PILs have emerged as promising green solvents for their use in the lignin extraction process, according to recent developments and research. ,, PILs display improved selectivity in the extraction process because of their capacity for hydrogen bonding, remarkable heat stability, low vapor pressure, recyclability, and particular interactions with lignin polymers. , Achinivu et al. reported the extraction of lignin from corn stover using protic ionic liquids. A lignin extraction efficiency of 75% was achieved at 90 °C in 24 h. Brandt-Talbot et al. studied bond breakage and its mechanism when PILs interact with biomass. They reported that PILs can depolymerize lignin by cleaving β-O-4 ether, glycosidic, and ester linkages and breaking the bonds present between lignin and hemicellulose. The same research team synthesized a protic ionic liquid ([TEA]­[HSO₄]) based on triethanolamine (TEA) on a large scale. They delignified Miscanthus giganteus using [TEA]­[HSO₄]; 85% lignin removal and 100% pure hemicellulose and cellulose were achieved.
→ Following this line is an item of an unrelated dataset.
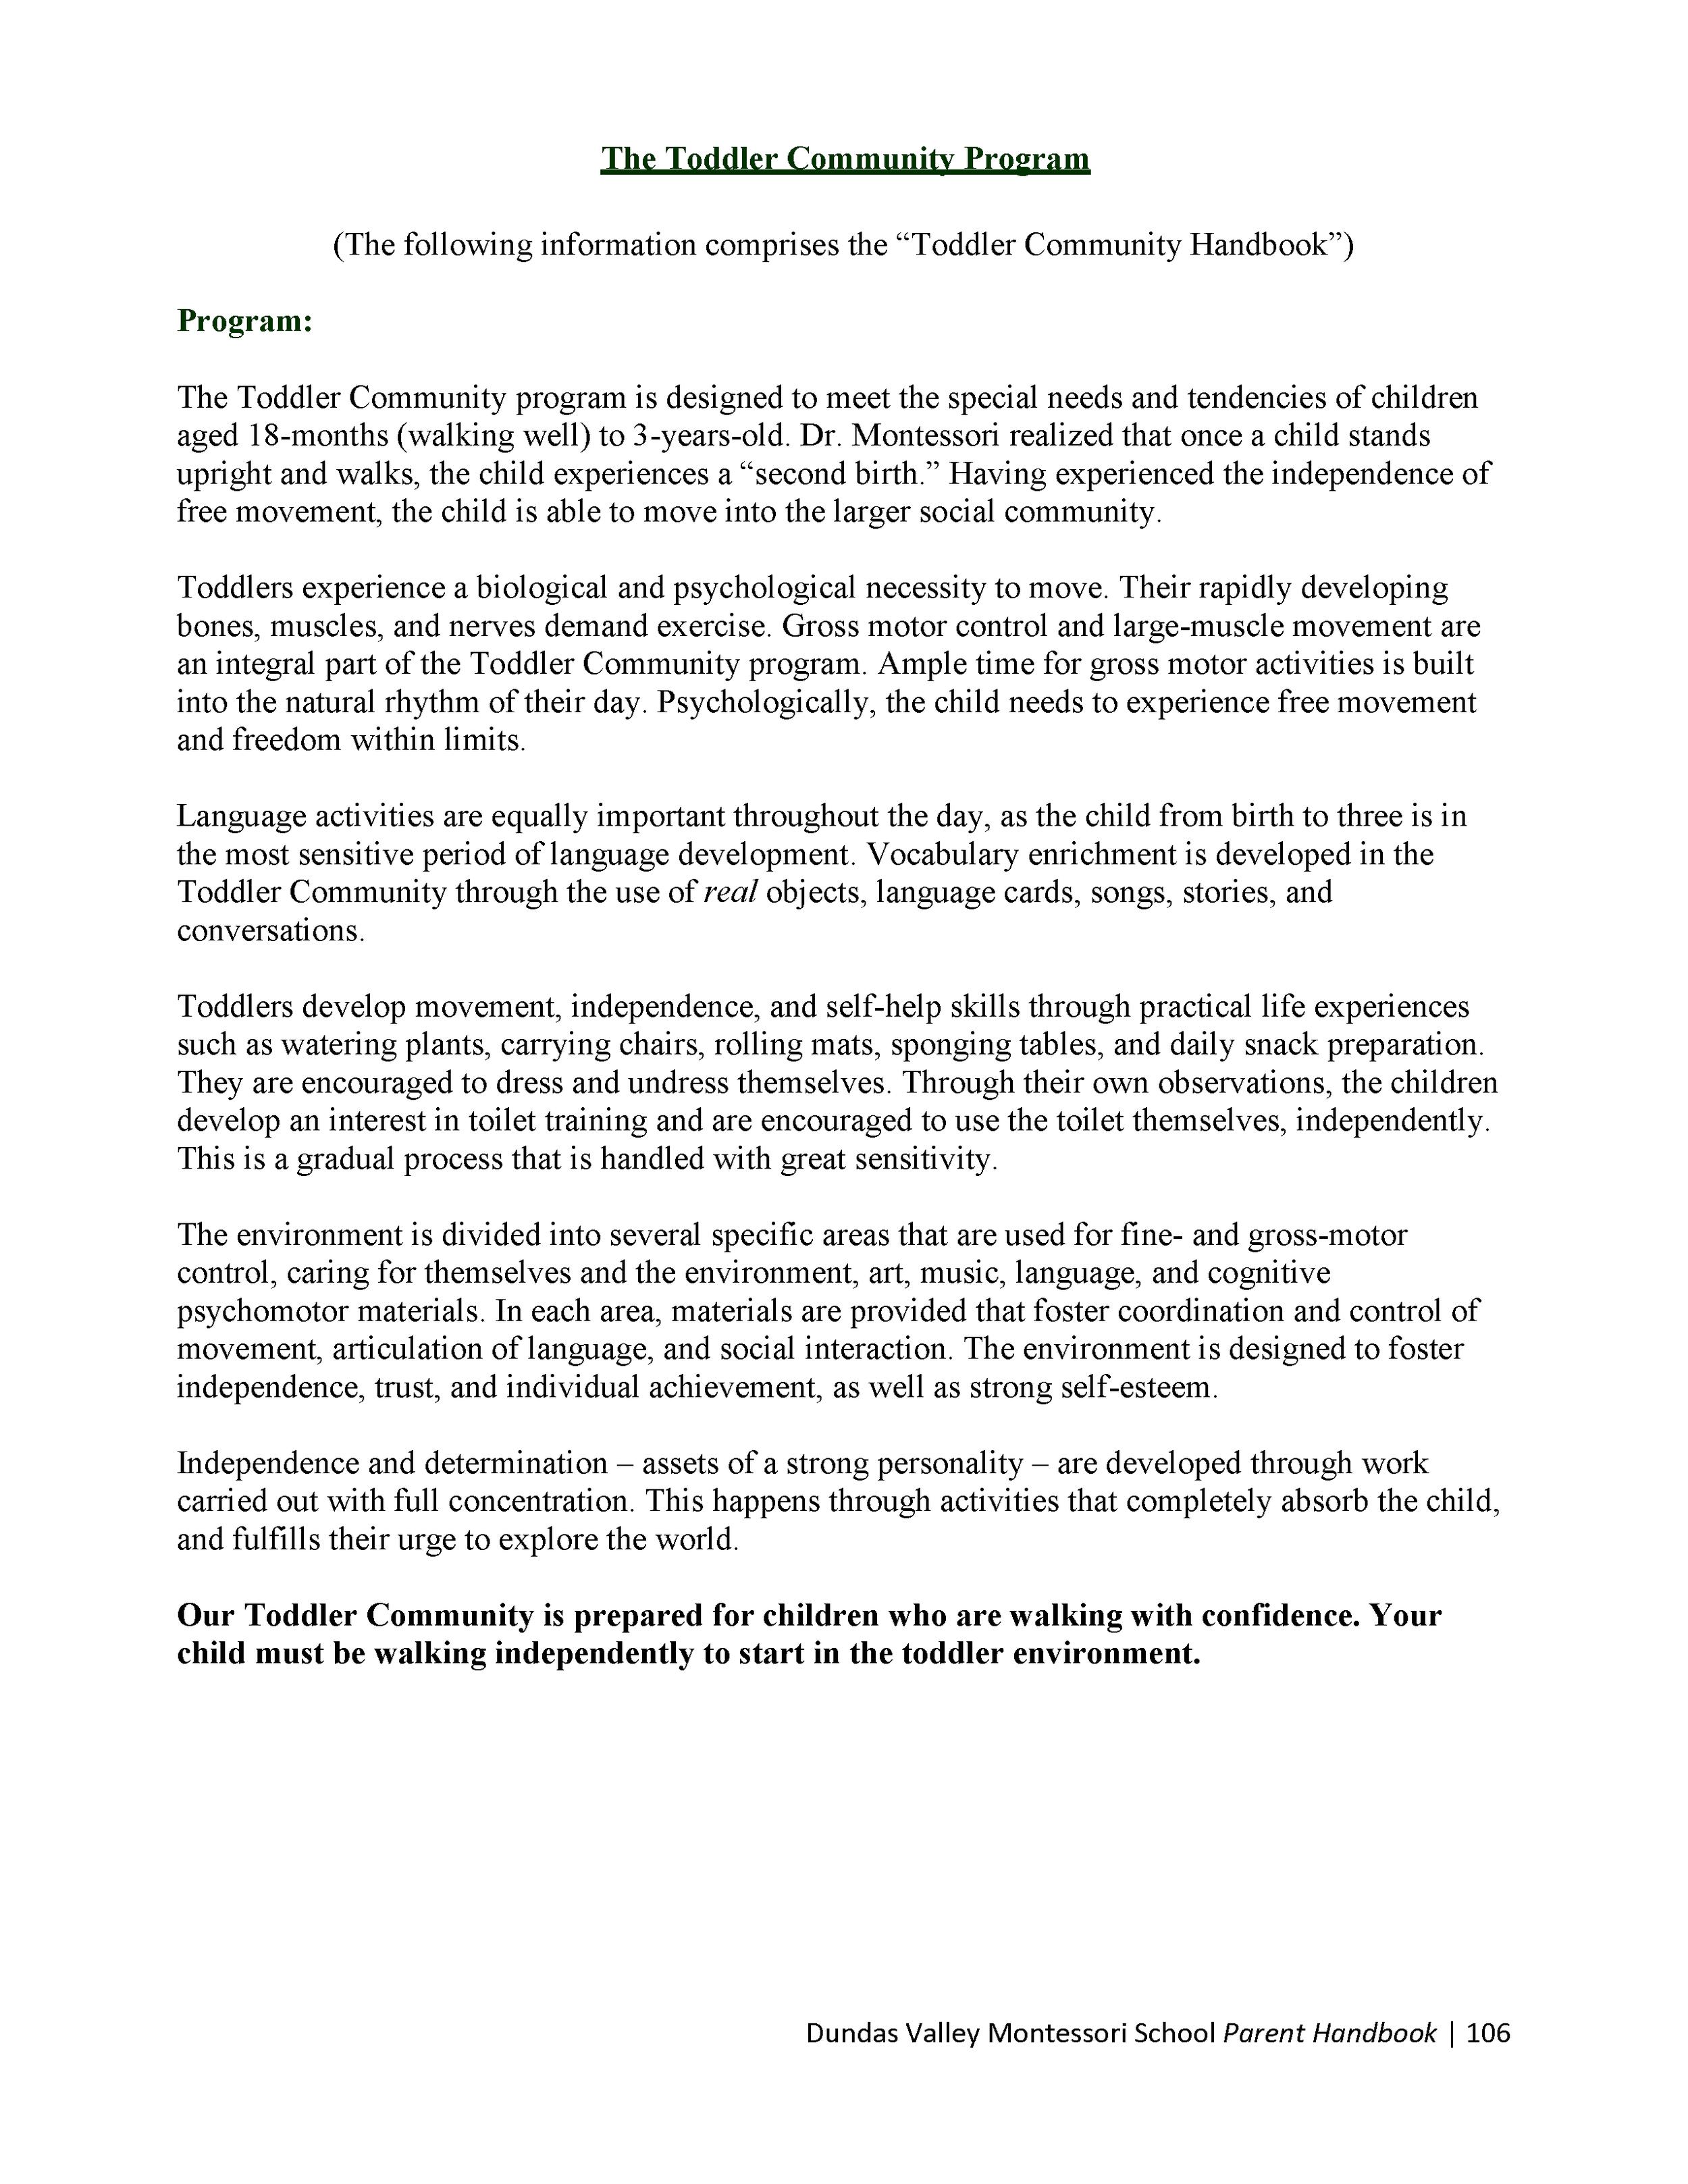 DVMS-Parent-Handbook-19-20_Page_108.png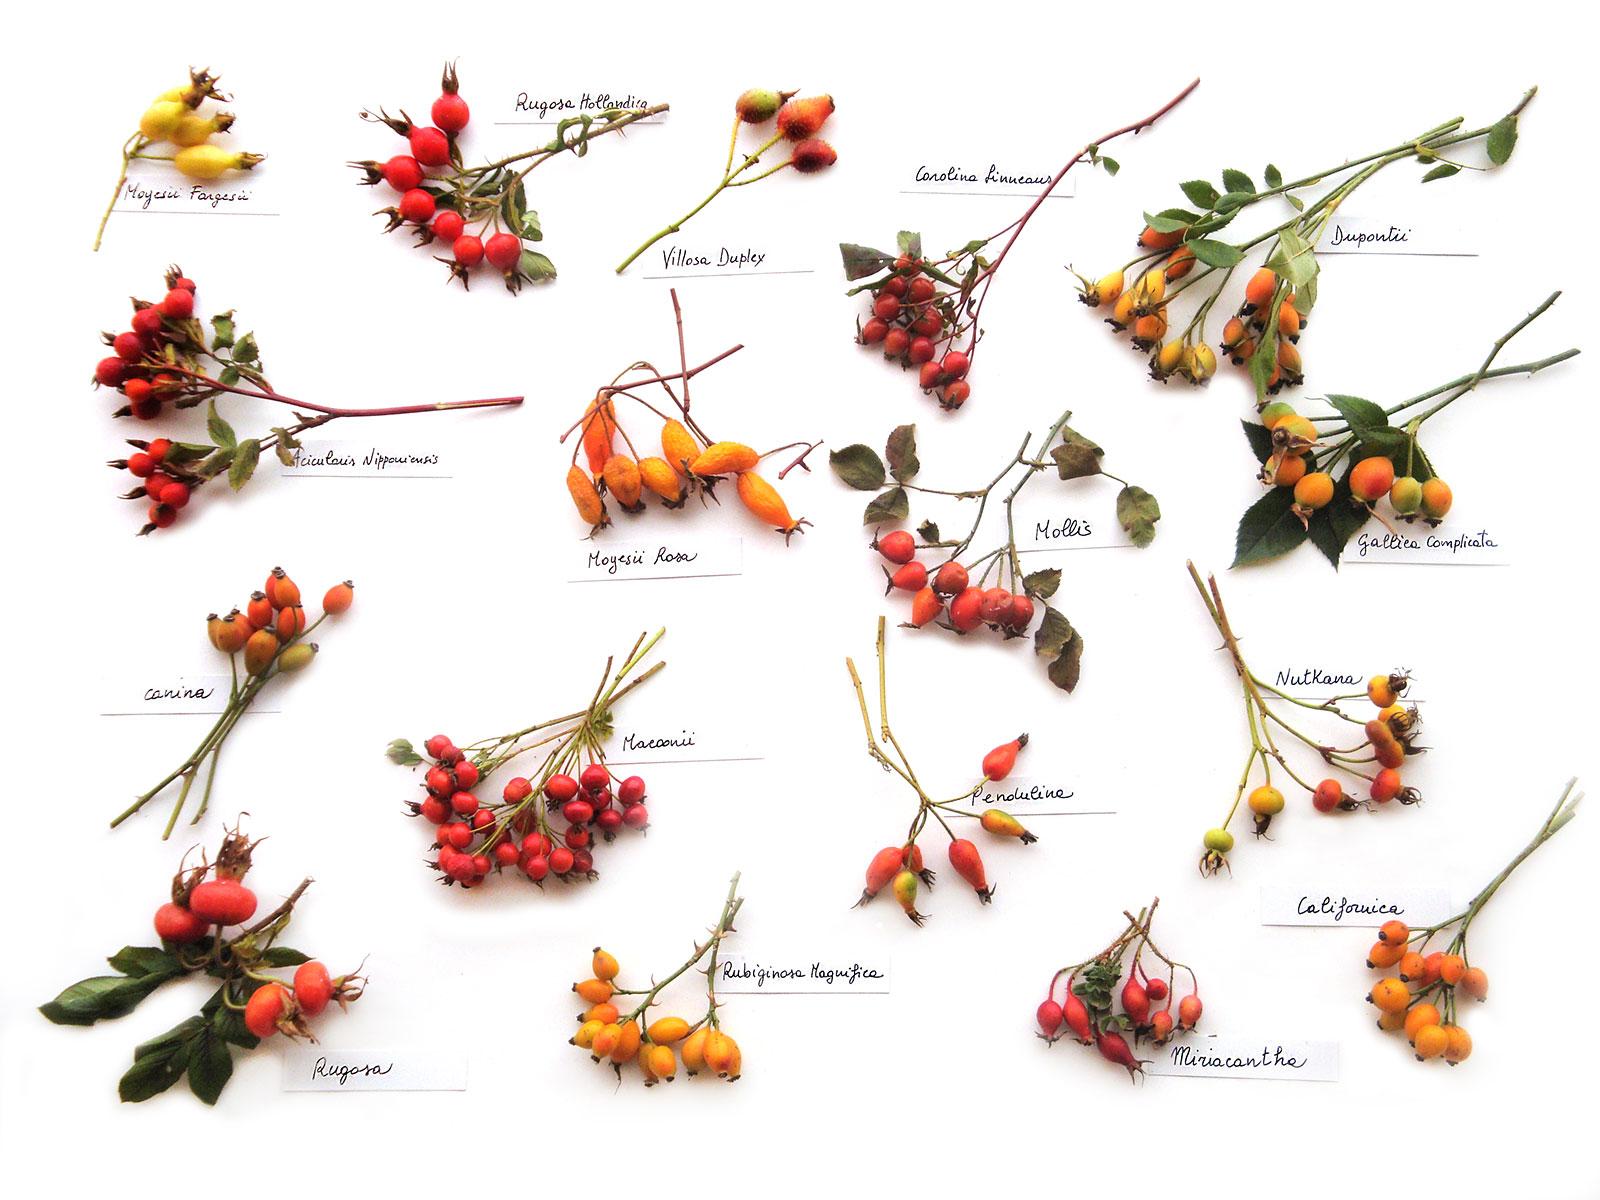 Le bacche delle rose Botaniche

Brito et al. delignified cabbage stalks using bis­(2- hydroxyethyl) ammonium-cation-based PIL ([BHEA]­[Pr]). They reported a 90% lignin extraction efficiency from cabbage stalks. In order to investigate the toxicity of PILs, they prepared various samples of mineral acids and PILs with cabbage stalks, respectively. They reported that the proportion of toxic compounds in PIL-treated samples was far less than that in samples treated with conventional mineral acids.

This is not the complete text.